* [SUPPLIED DATA]:
Start of Block

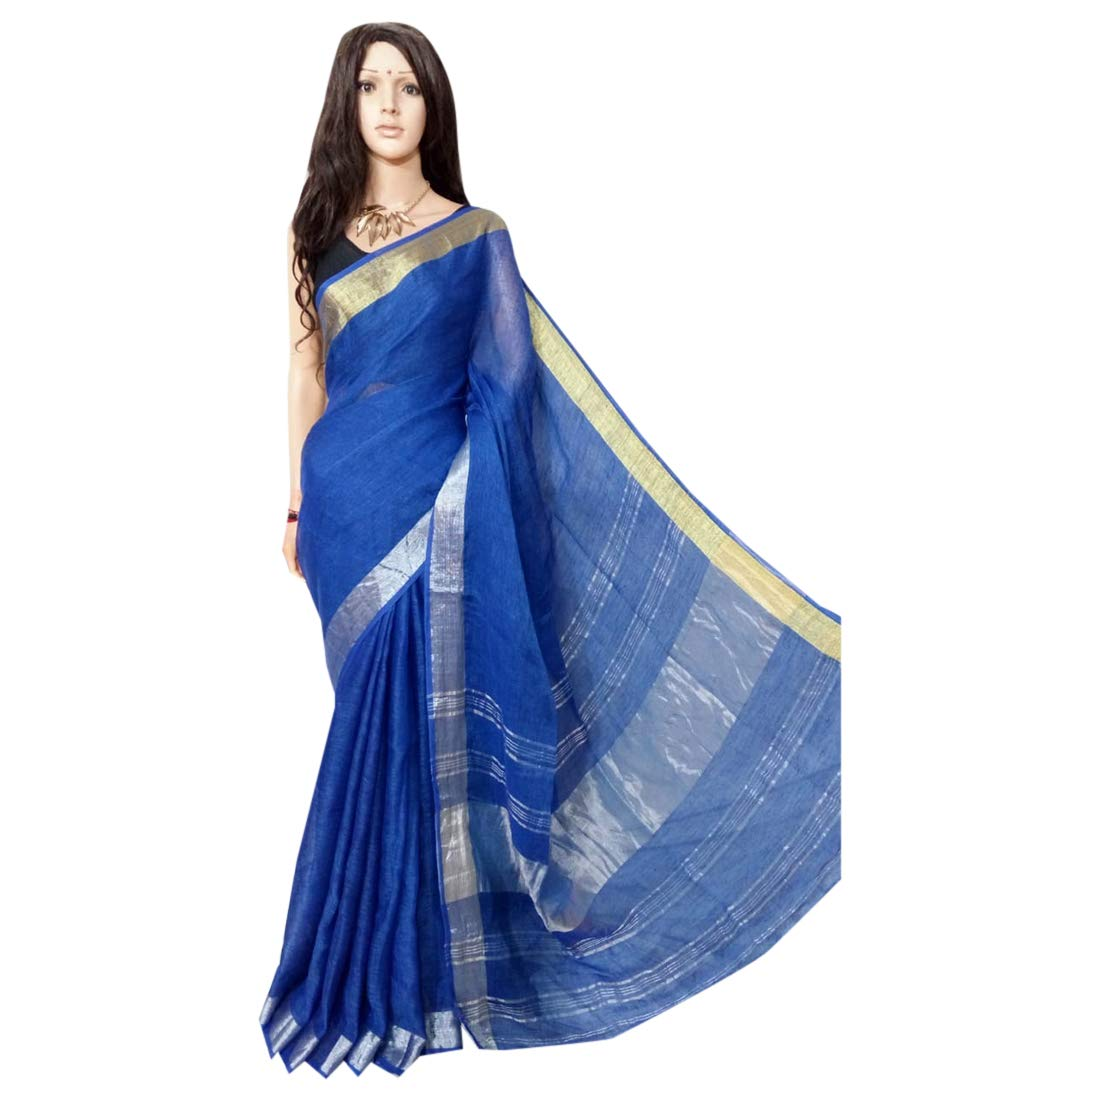 Indian Saree Ethnic bluee Pure Linen Jamdani Handloom Sari Designer Collection Sari Party Formal Women Wear 109a
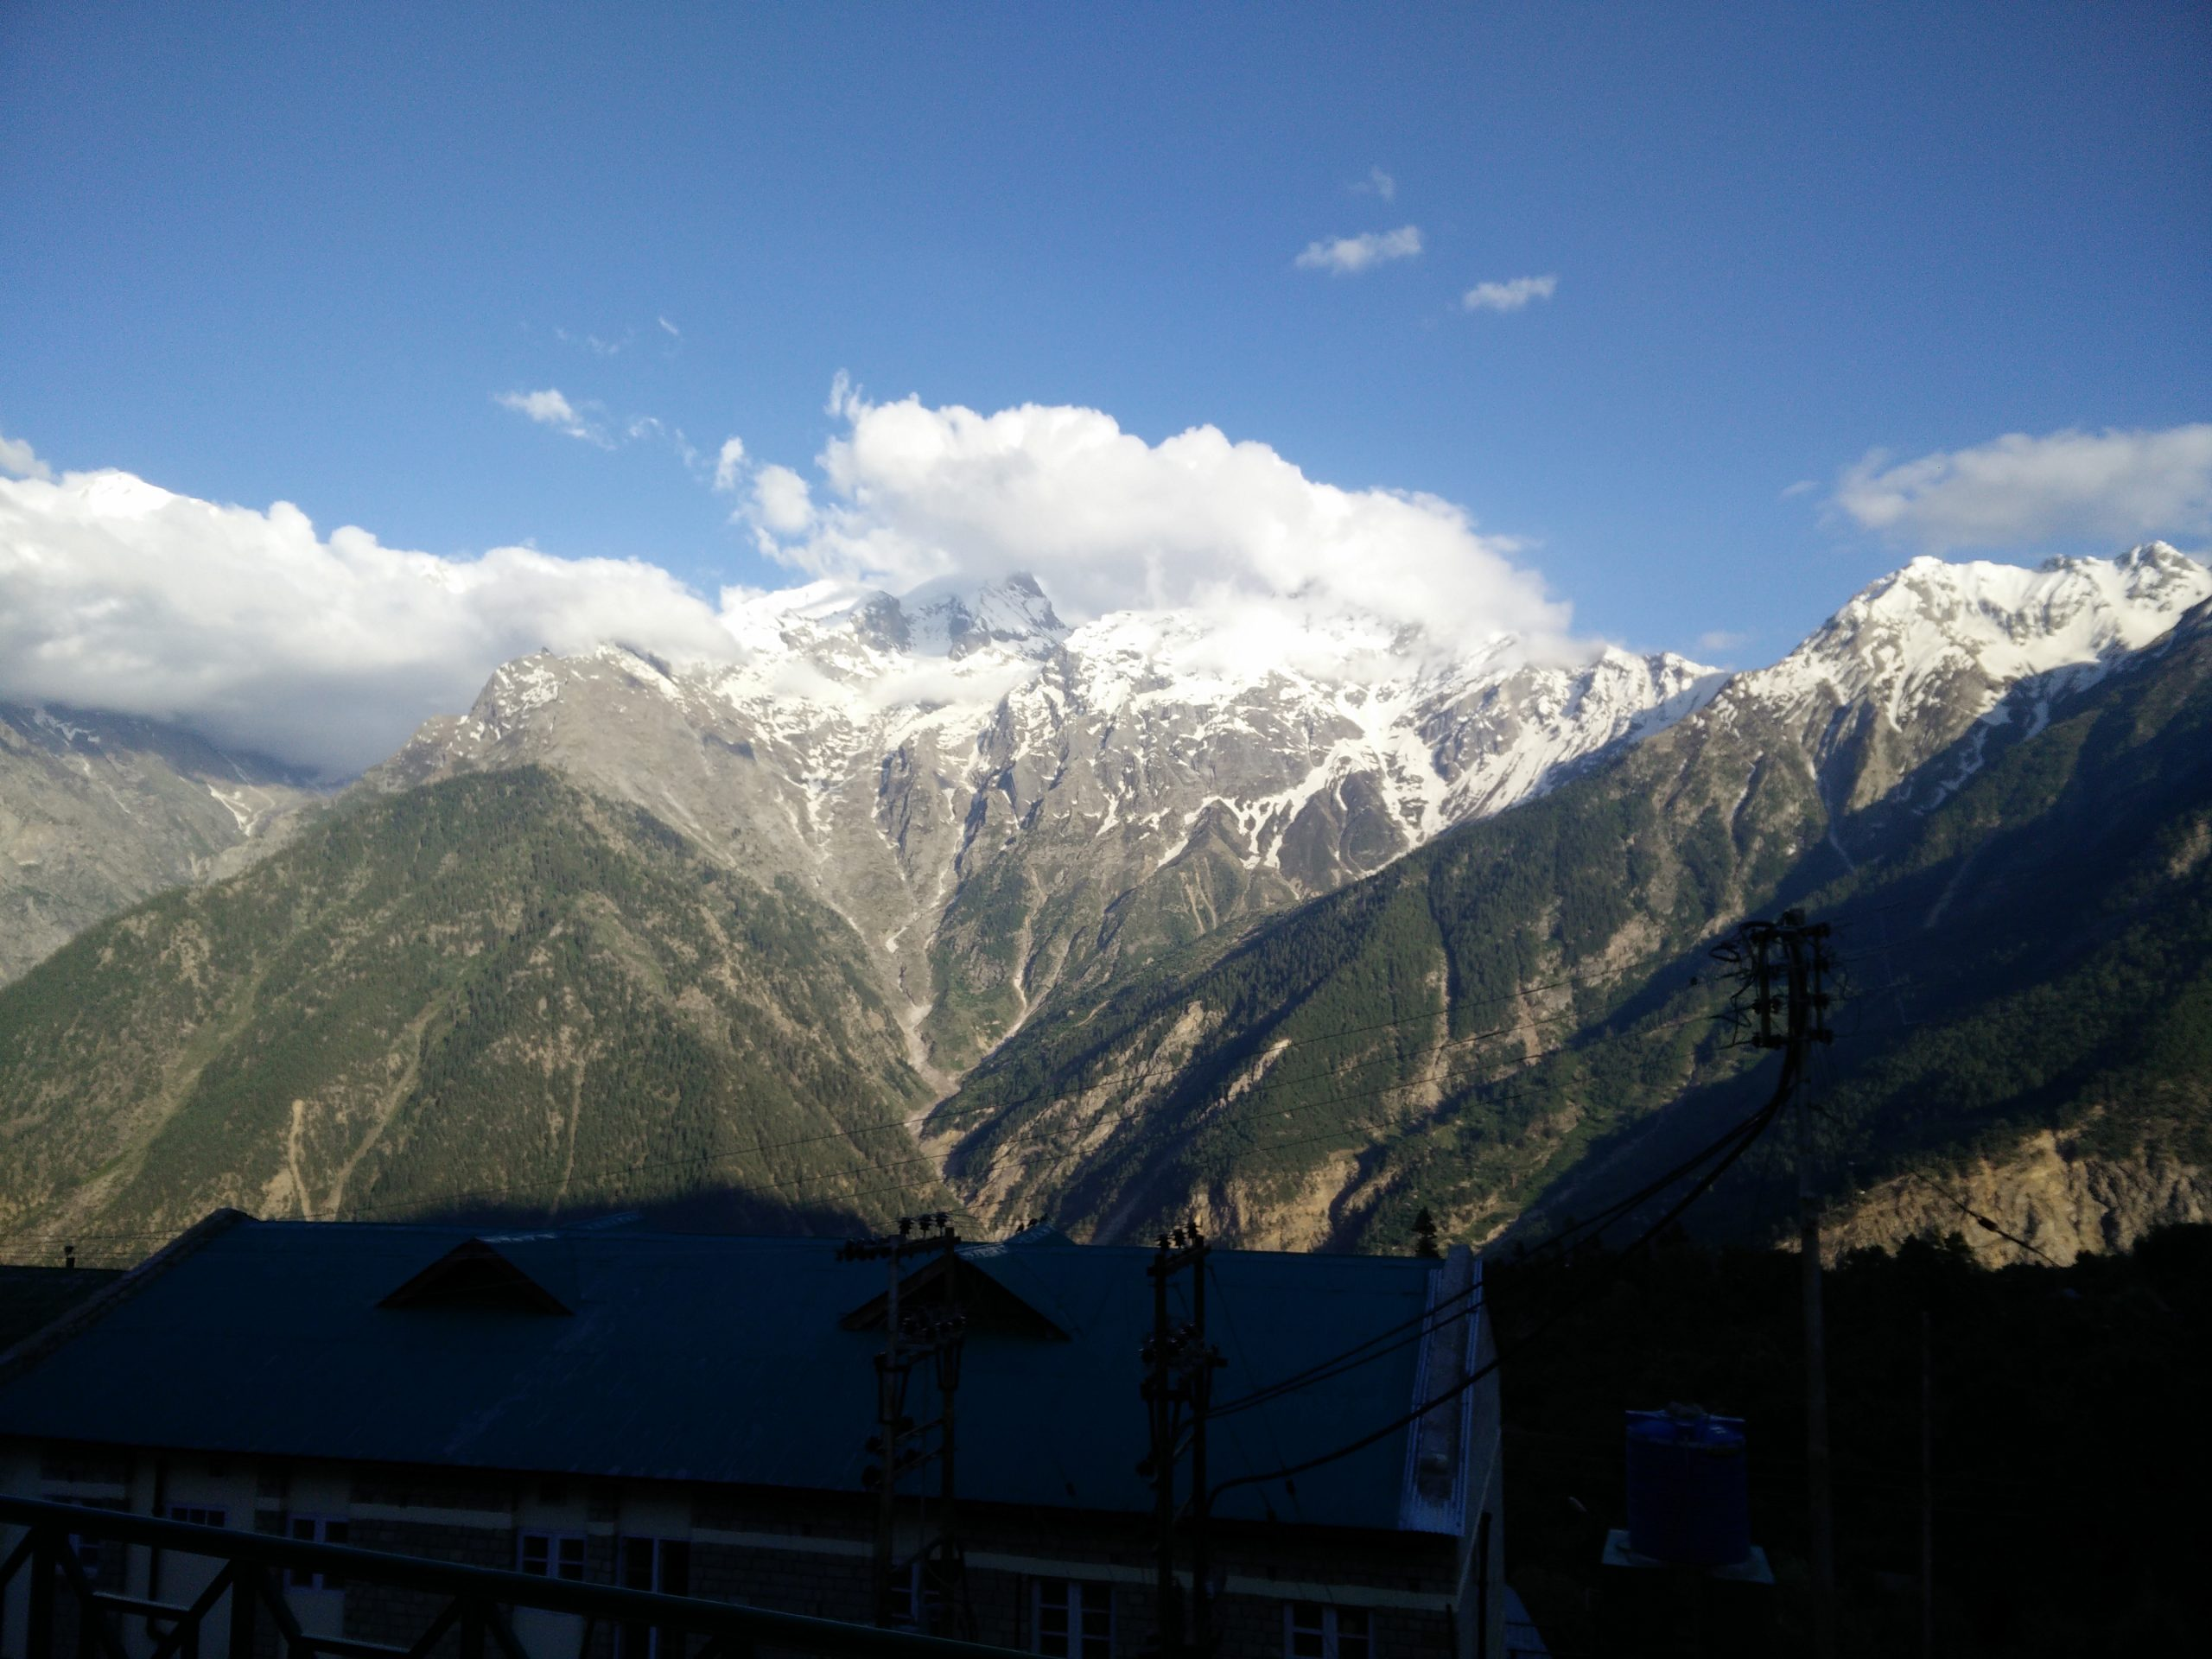 Serene mountains of Kalpa, Kinnaur.
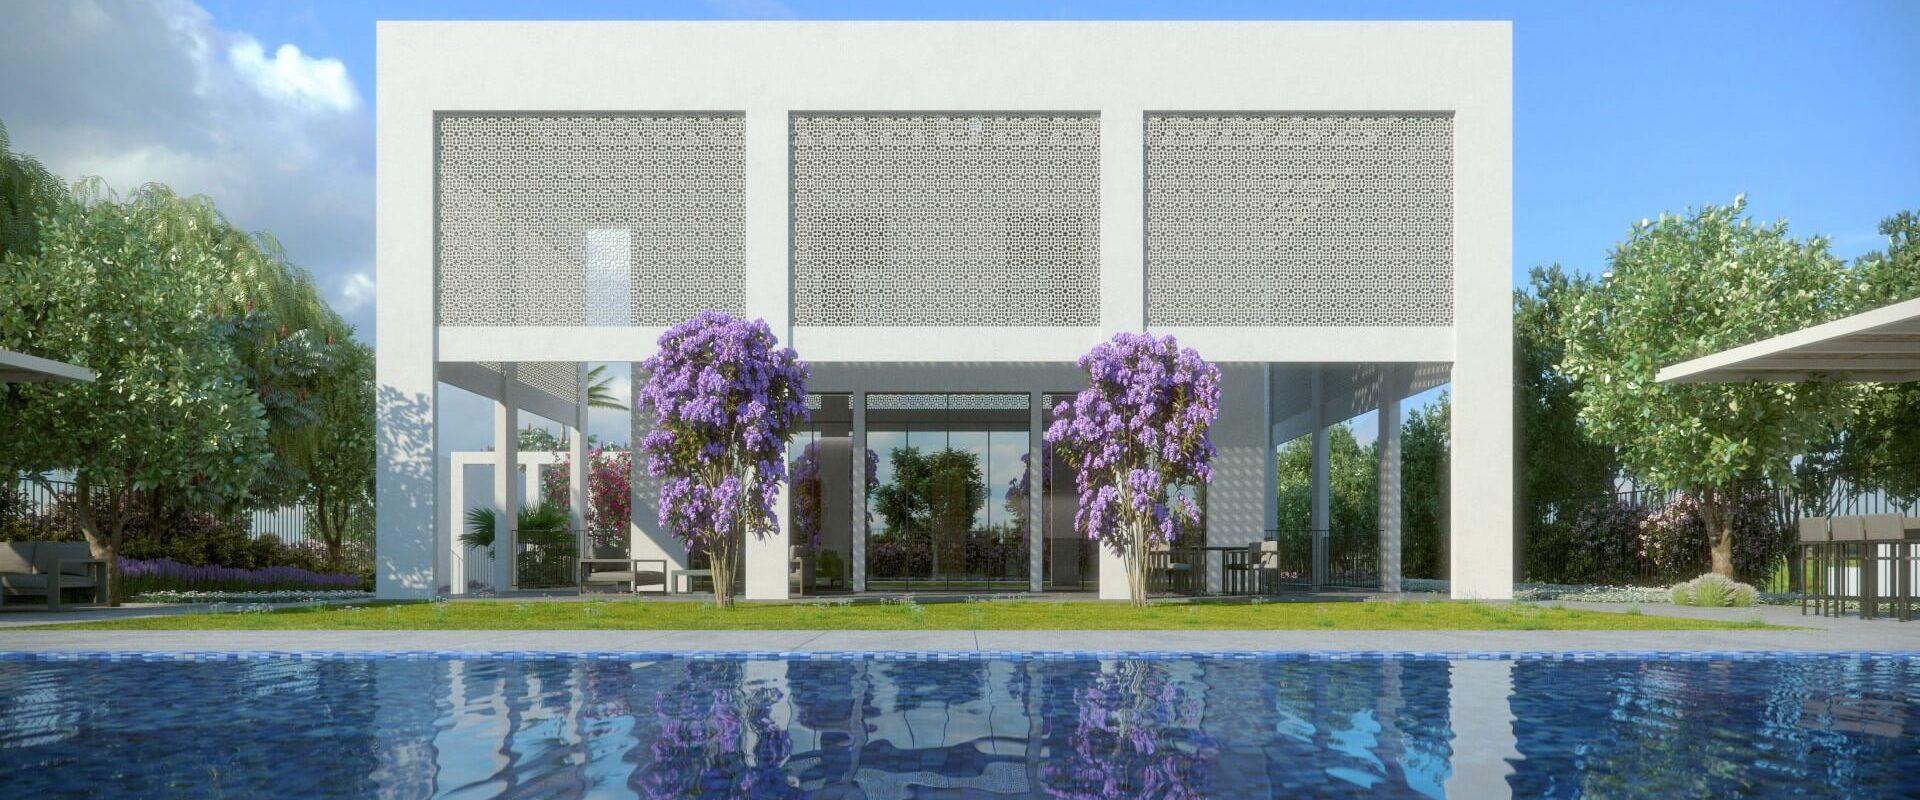 KPStudio.co.il_Private house - Avnun family (9)

End of Block

* [TASK DIRECTIONS]:
Leave out the pictures and give the rest of the material again, unaltered.

* [RESULT OF THIS EXERCISE]:
 Indian Saree Ethnic bluee Pure Linen Jamdani Handloom Sari Designer Collection Sari Party Formal Women Wear 109a
 Serene mountains of Kalpa, Kinnaur.
 KPStudio.co.il_Private house - Avnun family (9)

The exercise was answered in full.